Intelligent milling equipment

Technical Field

The invention belongs to the field of grain processing machinery, and particularly relates to intelligent milling equipment for milling grains.

Background

In the grain processing process, milling treatment is often required, for example, grains are subjected to chaff removal to form brown rice, and the brown rice is subjected to milling to remove skin layers, embryos and the like to form polished rice.

In the prior art, all the operating parameters of the milling equipment are fixed values when the processing is started; after a period of processing, an operator samples and analyzes, and then adjusts parameters according to the analysis result, and the manual judgment and adjustment mode not only consumes manpower, but also has the possibility of influencing the product quality due to errors.

In addition, in order to realize automatic control, some devices which perform feedback adjustment in real time through automatic detection and detection results exist in the prior art. However, the feedback regulation means require a period of gradual regulation to steady state during the initial period of operation of the plant, during which the obtained cereal product is generally of unsatisfactory quality and needs to be discarded or reprocessed, so that the overall efficiency remains insufficient.

Disclosure of Invention

In order to solve the problems, the invention provides a grinding device which can quickly reach the optimal stable state in the early treatment stage, and adopts the following technical scheme:

the invention provides intelligent milling equipment, which is used for milling grains and comprises: the milling device is used for milling the grains; and a control device, be used for controlling the process of milling, wherein the device of milling has main cylinder, drive main cylinder pivoted main cylinder actuating mechanism, the abrasive band that is driven by main cylinder, thereby hold cereal and with the abrasive band cooperation realize a plurality of whitening chambers that mill and carry out the discharge mechanism of ejection of compact to the cereal after the whitening chamber is milled, a serial communication port, main cylinder actuating mechanism is the motor, discharge mechanism has the chamber ejection of compact subassembly of milling that is arranged in carrying out the ejection of compact to the material in the whitening chamber, this chamber ejection of compact subassembly of milling has the opening aperture corresponding with different ejection of compact flow, a control device includes: an opening current value storage part for storing different grinding current values and opening openings corresponding to the grinding current values when the main roller driving mechanism drives the main roller to grind; a current setting section for setting a current value to be used in the grinding process as a current set current value; a retrieval acquisition part used for retrieving the opening current value storage part according to the current set current value and acquiring the opening corresponding to the current set current value; and the discharging control part controls the discharging mechanism by taking at least the opening degree as the initial opening degree of the grinding treatment.

The above intelligent milling device provided by the present invention may further have the technical features, wherein the control device further comprises: a picture storage part for storing a current value setting picture; an input display part for displaying a current value setting picture so as to enable an operator to input a current value for grinding treatment, and a grinding current acquisition part for acquiring the current value input by the operator and setting the input current value as the current set current value.

In addition, the above-mentioned intelligent milling device provided by the present invention may further have a technical feature that the control device further comprises: a standard current value storage unit for storing standard milling current values corresponding to different grain varieties; a picture storage part for storing a milling variety selection picture; and an input display unit for displaying a milled variety selection screen and displaying the grain varieties in the standard current storage unit on the milled variety selection screen so as to allow an operator to select one of the grain varieties as a current milled variety, wherein the current setting unit acquires a standard milling current value corresponding to the current milled variety from the standard current storage unit according to the selection of the operator and sets the acquired standard milling current value as a current setting current value.

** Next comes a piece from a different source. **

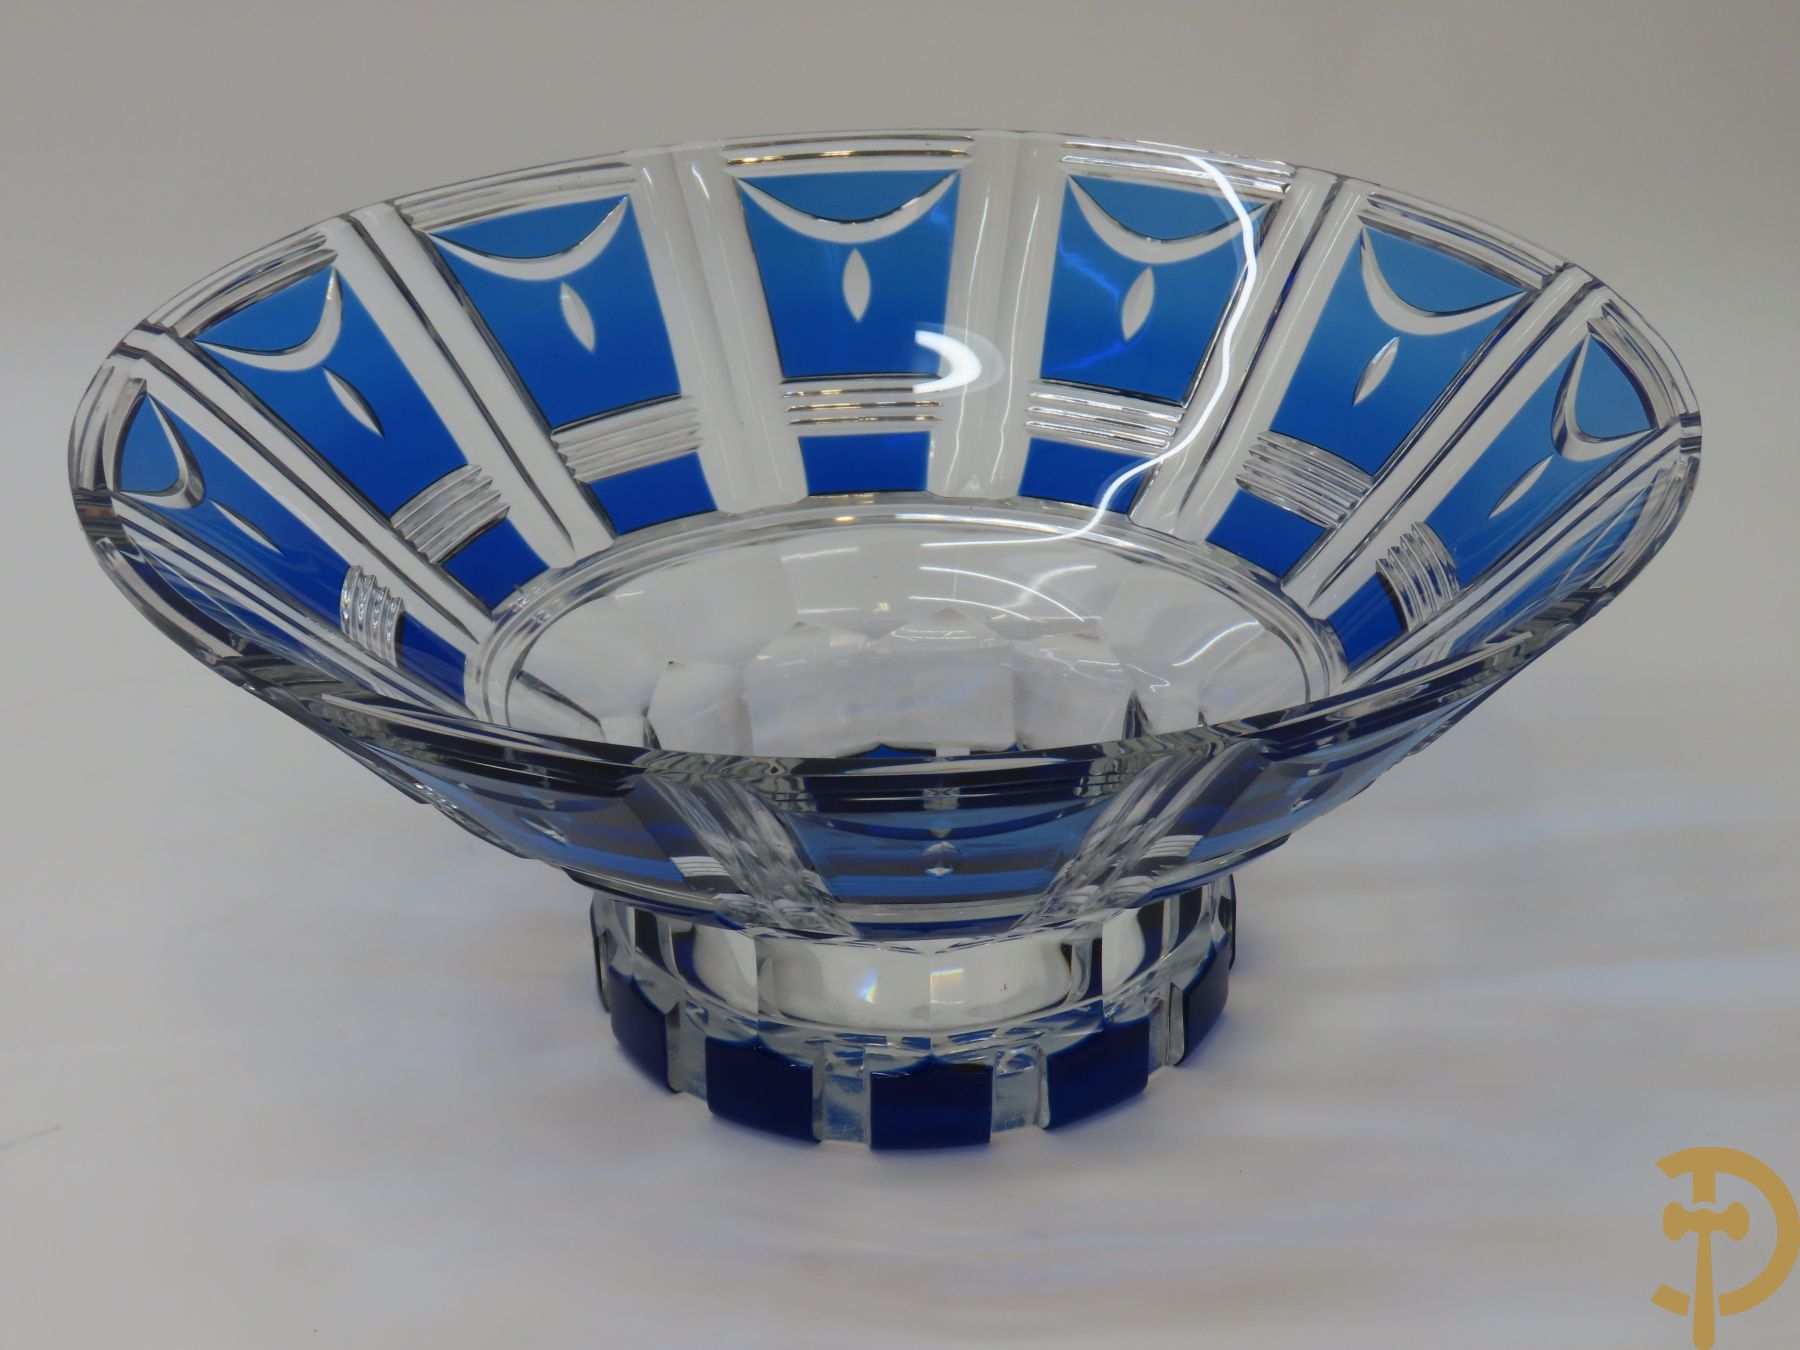 Blauwe handgeslepen kristallen Val-Saint-Lambert coupe, Art Deco periode

The intelligent grinding equipment provided by the invention can also have the technical characteristics that the control device further comprises a grinding current value acquisition part which is used for acquiring the current grinding current value in real time according to the working current value of the main roller driving mechanism in the grinding process, and the discharging control part also controls the opening degree of the discharging mechanism in real time according to the magnitude relation between the current grinding current value and the current set current value in the grinding process.

Further, in the above intelligent grinding device, the control device may further include a current recording storage portion and an opening and closing value updating portion, the current recording storage portion is configured to record a current grinding current value and a corresponding opening degree in each grinding process; the opening/closing value updating section updates the stored content of the opening/closing current value storing section based on the record in the current record storing section.

In addition, in the above-mentioned intelligent milling apparatus, the milling current value obtaining part may further include an idle current value storage unit, a current value obtaining unit, and a milling current value calculating unit, the current value obtaining unit obtains a current of the idle start of the main drum driving mechanism as an idle current value, the idle current value storage unit stores the idle current value, the current value obtaining unit obtains a current working current value of the main drum driving mechanism, and the milling current value calculating part subtracts the current working current value from the idle current value to obtain the current milling current value.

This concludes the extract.